As it turns out, the reason there was no consensus mathematically as to how HIV killed T-cells was because there was no biological consensus. There still isn't. HIV is possibly the most studied microbe in history - certainly it is the best-funded - yet there is still no agreed- upon mechanism of pathogenesis. Worse than that, there are no data to support the hypothesis that HIV kills T-cells at all. It doesn't in the test tube. It mostly just sits there, as it does in people - if it can be found at all. In Robert Gallo's seminal 1984 paper in which he claims "proof" that HIV causes AIDS, actual HIV could be found in only 26 out of 72 AIDS patients. (http://www.ncbi.nlm.nih.gov/entrez/query.fcgi?cmd=retrieve&db=pubmed&list_uids=6200936&dopt=Abstract) To date, actual HIV remains an elusive target in those with AIDS or simply HIV-positive.

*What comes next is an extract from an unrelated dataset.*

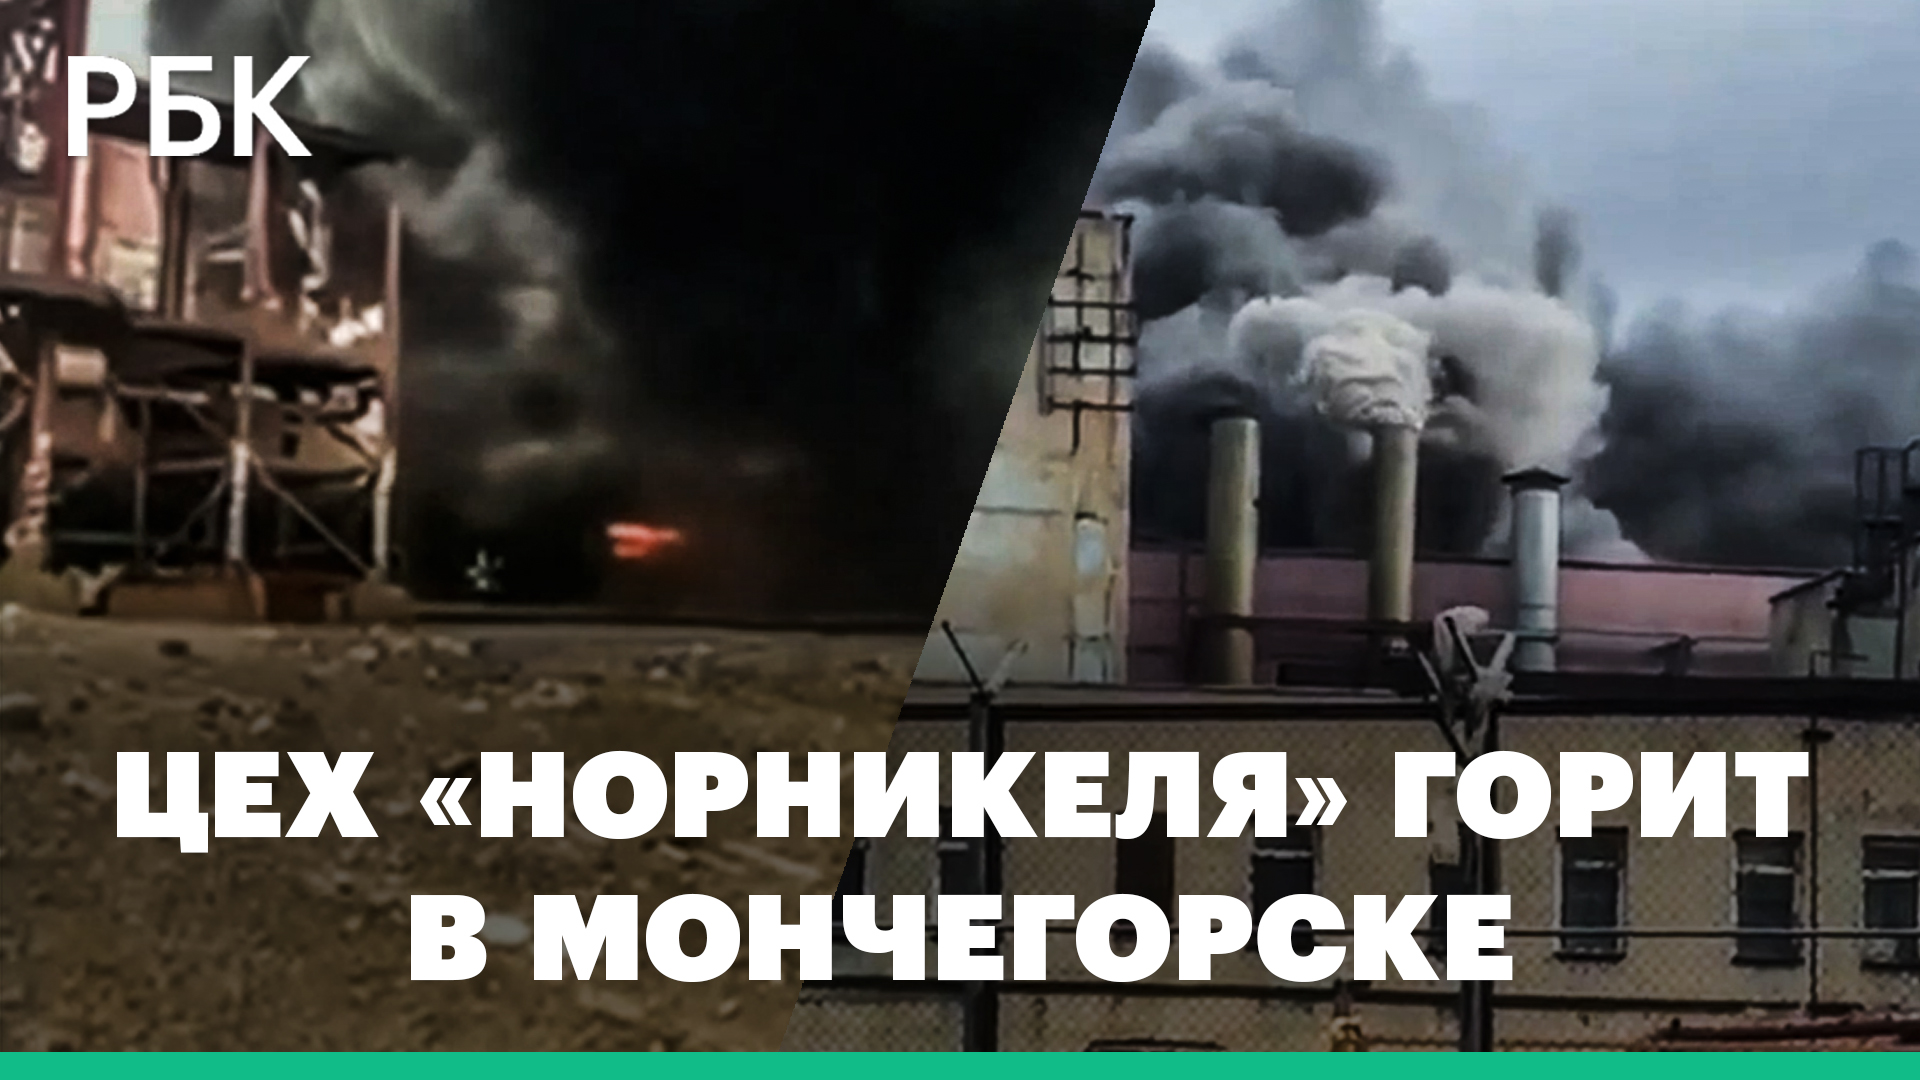 В Мончегорске, на принадлежащем «Норникелю» предприятии, загорелся цех: видео очевидцев

I have come to sincerely believe that these HIV tests do immeasurably more harm than good, due to their astounding lack of specificity and standardization. I can buy the idea that anonymous screening of the blood supply for some nonspecific marker of ill health (which, due to cross reactivity with many known pathogens, a positive HIV antibody test often seems to be) is useful. I cannot buy the idea that any individual needs to have a diagnostic HIV test. A negative test may not be accurate (whatever that means), but a positive one can create utter havoc and destruction in a person's life - all for a virus that most likely does absolutely nothing. I do not feel it is going too far to say that these tests ought to be banned for diagnostic purposes.
As to the question of what does cause AIDS, if it is not HIV, there are many plausible explanations given by people known to be experts. Before the discovery of HIV, AIDS was assumed to be a lifestyle syndrome caused mostly by indiscriminate use of recreational drugs. Immunosuppression has multiple causes, from an overload of microbes to malnutrition. Probably all of these are true causes of AIDS. Immune deficiency has many manifestations, and a syndrome with many manifestations is likely multi-causal as well. Suffice it to say that the HIV hypothesis of AIDS has offered nothing but predictions - of its spread, of the availability of a vaccine, of a forthcoming animal model, and so on - that have not materialized, and it has not saved a single life (http://www.reviewingaids.org/awiki/index.php/HIV/AIDS) hypothesis
After ten years involved in the academic side of HIV research, as well as in the academic world at large, I truly believe that the blame for the universal, unconditional, faith-based acceptance of such a flawed theory falls squarely on the shoulders of those among us who have actively endorsed a completely unproven hypothesis in the interests of furthering our careers. Of course, hypotheses in science deserve to be studied, but no hypothesis should be accepted as fact before it is proven, particularly one whose blind acceptance has such dire consequences.
For over twenty years, the general public has been greatly misled and ill-informed. As someone who has been raised by parents who taught me from a young age never to believe anything just because "everyone else accepts it to be true," I can no longer just sit by and do nothing, thereby contributing to this craziness. And the craziness has gone on long enough. As humans - as honest academics and scientists - the only thing we can do is allow the truth to come to light.